Thursday, 01/12/2023

19:46 today's rough

if i don't work out and get up early, and get to talk to new people every day, i have a lot of trouble socializing. at the coffee shop she kept complimenting my supreme hoodie - "i've never seen one like it before", etc - but I had no idea how to respond. This used to be a pattern for me, but I broke out of it by getting up early and interacting with lots of poeple - something I haven't done at all over break. I need to relearn these skills and always be so open to interacting with people face-to-face - these relationships with people online are just unhealthy otherwise.

20:46 ui

i'm finally reaching my ui flow again with a couple of upgrades and running emacs as a daemon. we're a lot faster now - maybe some linux kernel update? - but there is still so much work to do on the desktop interface.

every program i use commits this cardinal sin of nesting window managers. I love the ergonomics of something like Emacs - and I'll continue to use it as a text editor - but using it to manage windows and the OS just isn't practical. Anything that uses tabs or windows should use the same interface to manage them!

Concretely -

  • My git program (mostly magit) should open in a WM-managed window, and its file previews should open in another program still
  • hidden tabs or buffers should be managed by the WM, not as emacs buffers
  • emacs is probably the fastest way I know to manage wm buffers, and has a super nice interface for managing terminal commands, but because of all of its lexacy contents (and purpose) its not meant ot take over the whole system and run expressive gui apps.

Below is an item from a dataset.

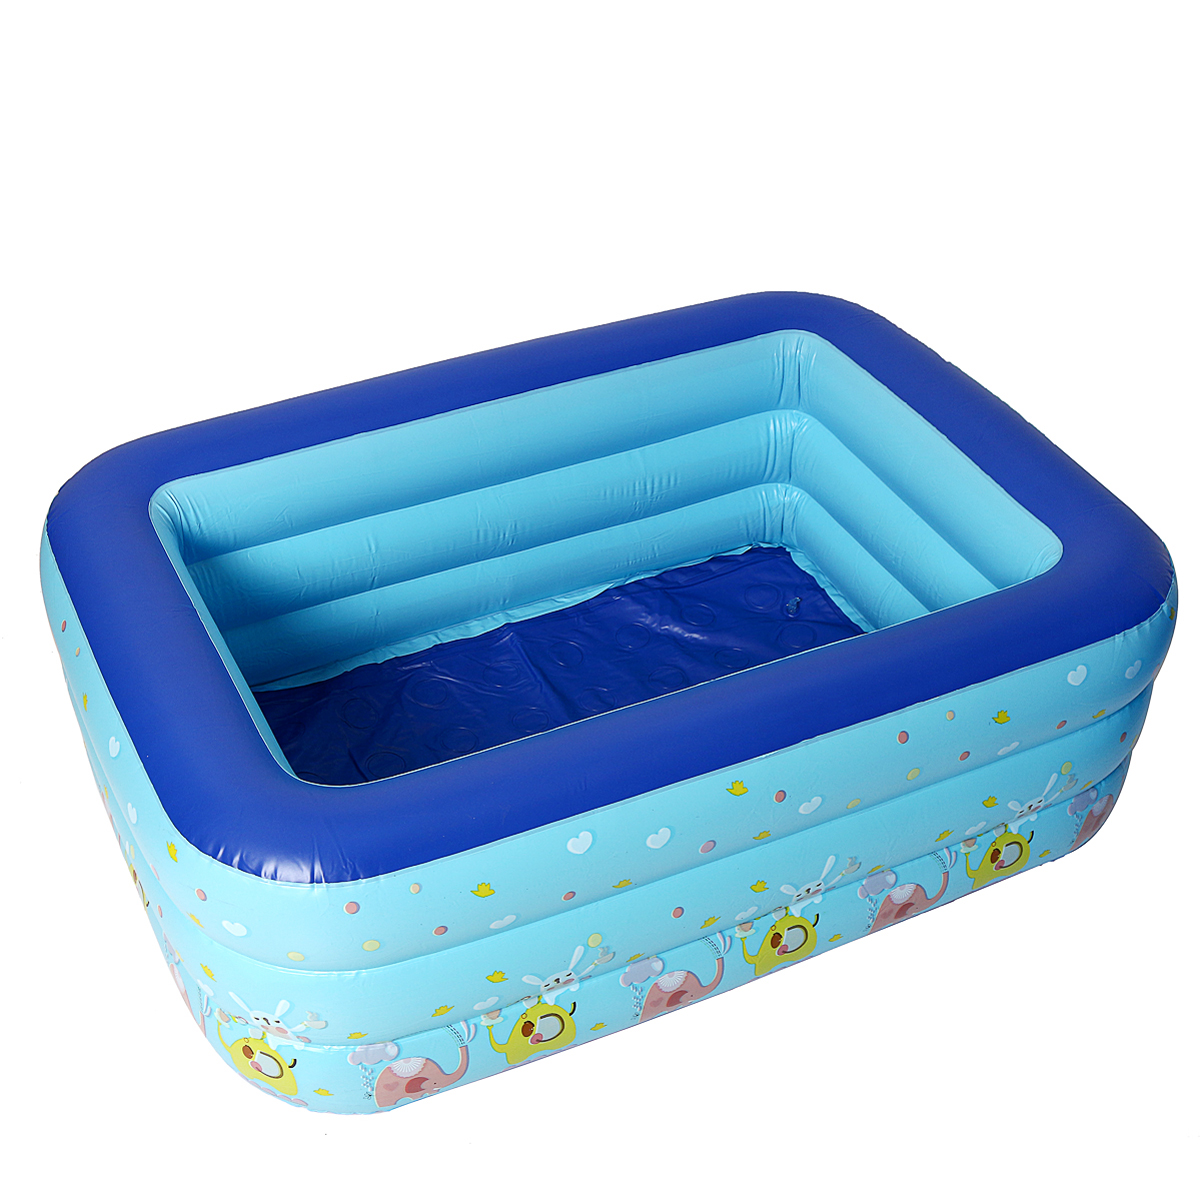 1-4-Persons-Inflatable-Swimming-Pool-Outdoor-Summer-Inflatable-Pool-Air-Pump-for-Children-Adult-1710979-3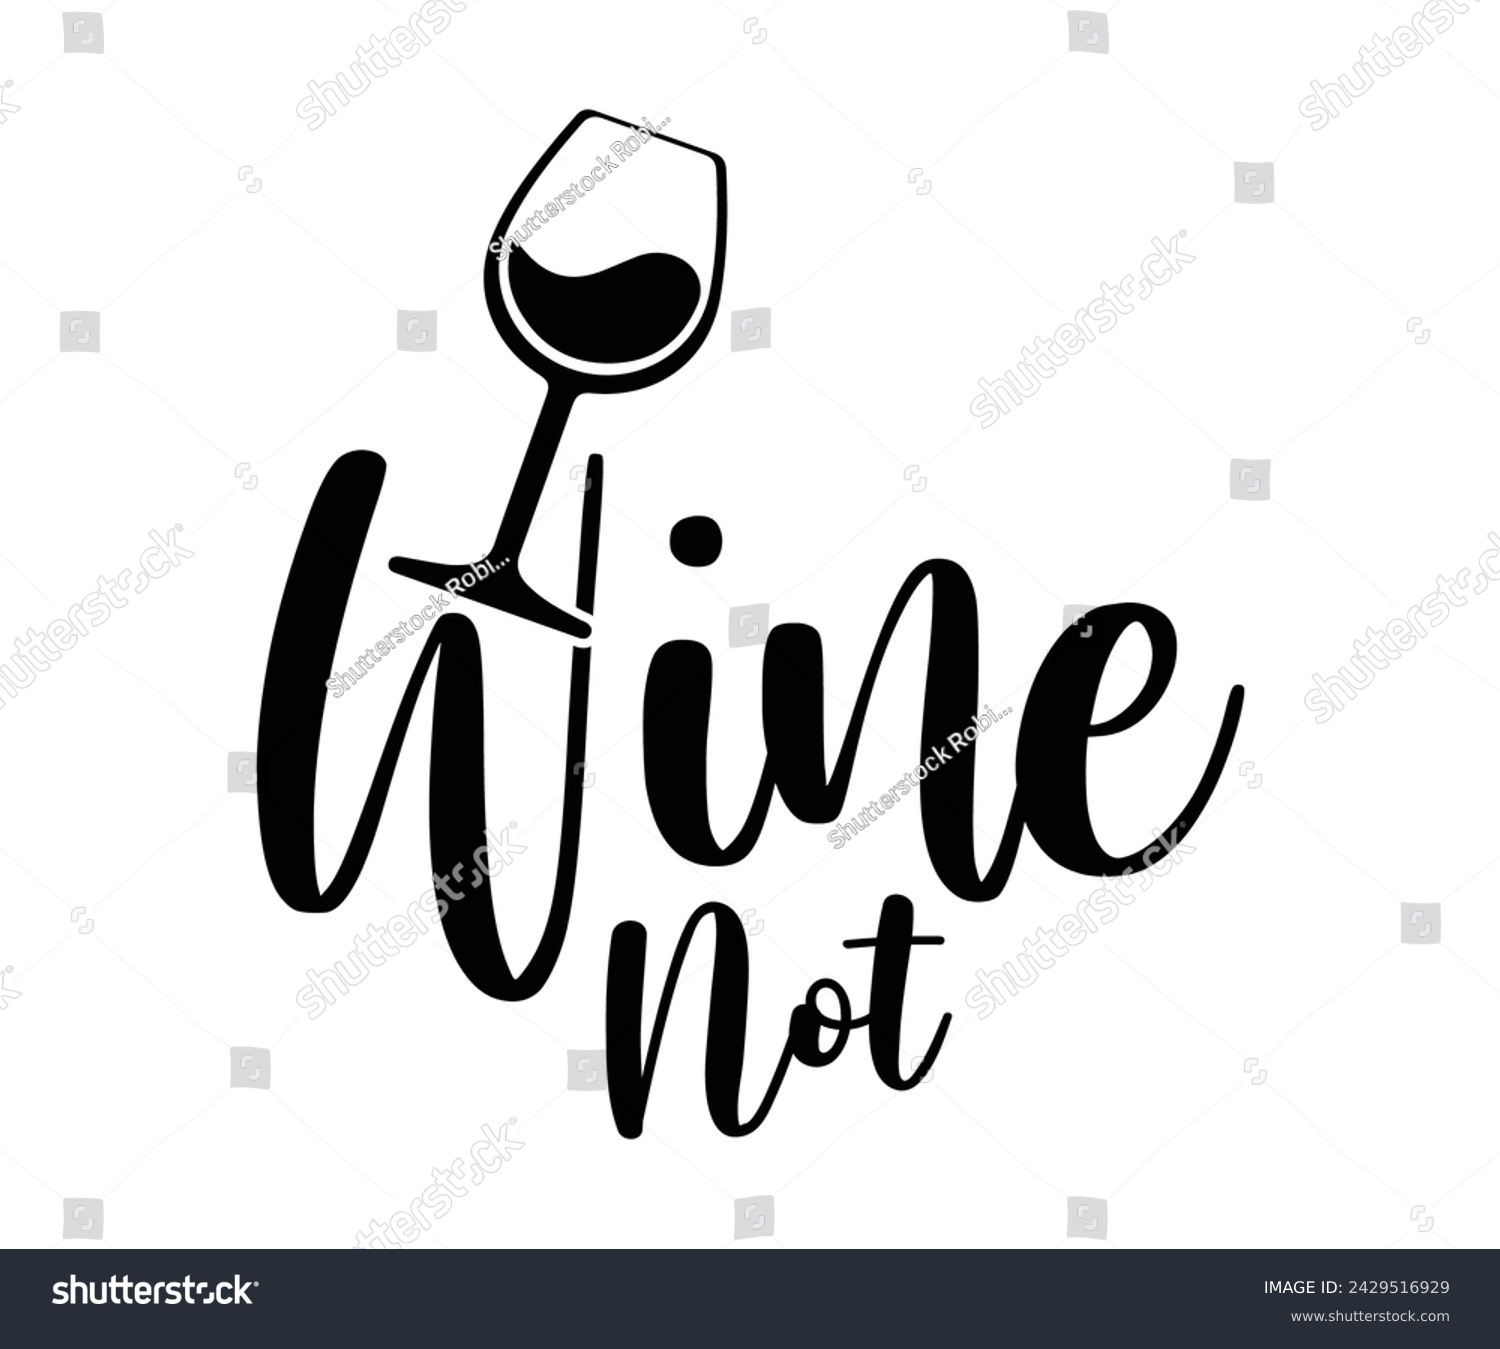 SVG of Wine Svg,Wine Quotes,Wine Glass Svg,Drinking Svg,Wine Lover T-shirt Svg,Wine Sayings, Alcohol Svg,Wine Cut Files,Cut File for Cricut,Silhouette svg

in short, i want to bring the emacs workflow to the window manager, and add expressive keyboard shortcuts, etc

22:16 other ui notes

my arrow keys are way too far away lol whats a better way of triggering them? a shortcut? pressing two keys at once? chording feels far more ergonomic than some key combination; it 'flows' better, it feels just like the staccato or rolling nature of typing, and it's almost more natural in that way; the keyboard feels and sounds very similar when chording as it does when

22:48 some things to build

  • mod+? to view all of your globally defined keyboard shortcuts
  • way to view all of those keyboard shortcuts: i want to be able to draw over windows with a relatively flexible format, and have some api(?) or hardcoded thing to render lists or groups of structured data in a popup window on the screen, or perhaps a menu above/below (i like the evil emacs keyboard shortcut hints/descriptions a lot, but sometimes we also want more screen real estate, plus its easier to bring up everything on the center of the screen)
  • i think eventually we end up building up to a desktop manager kind of system lol - we probably also want a login manager - but we want to build this to support heterogenous software to start, and we want to do a damn good job of it

how do we inject fun?

  • personal, animated assistant
  • animations and transitions throughout. what does a joyful animation?
  • sound effects for everything. maybe some sort of synth that adapts as you type to what you're doing, in some abstract sense, and motivates you vocally

feed into a metaphor for the kitchen, or the lab, or the music studio, not the desktop; the desktop is where you do boring business things. i want to feel like i'm chefing up some fire every time i use my device, and i watn to assemble modular tools myself.

What about a box of toys? Legos? We could extend this into some node system for workflows with blocks for automations built into the OS. Look back at previous notes for this.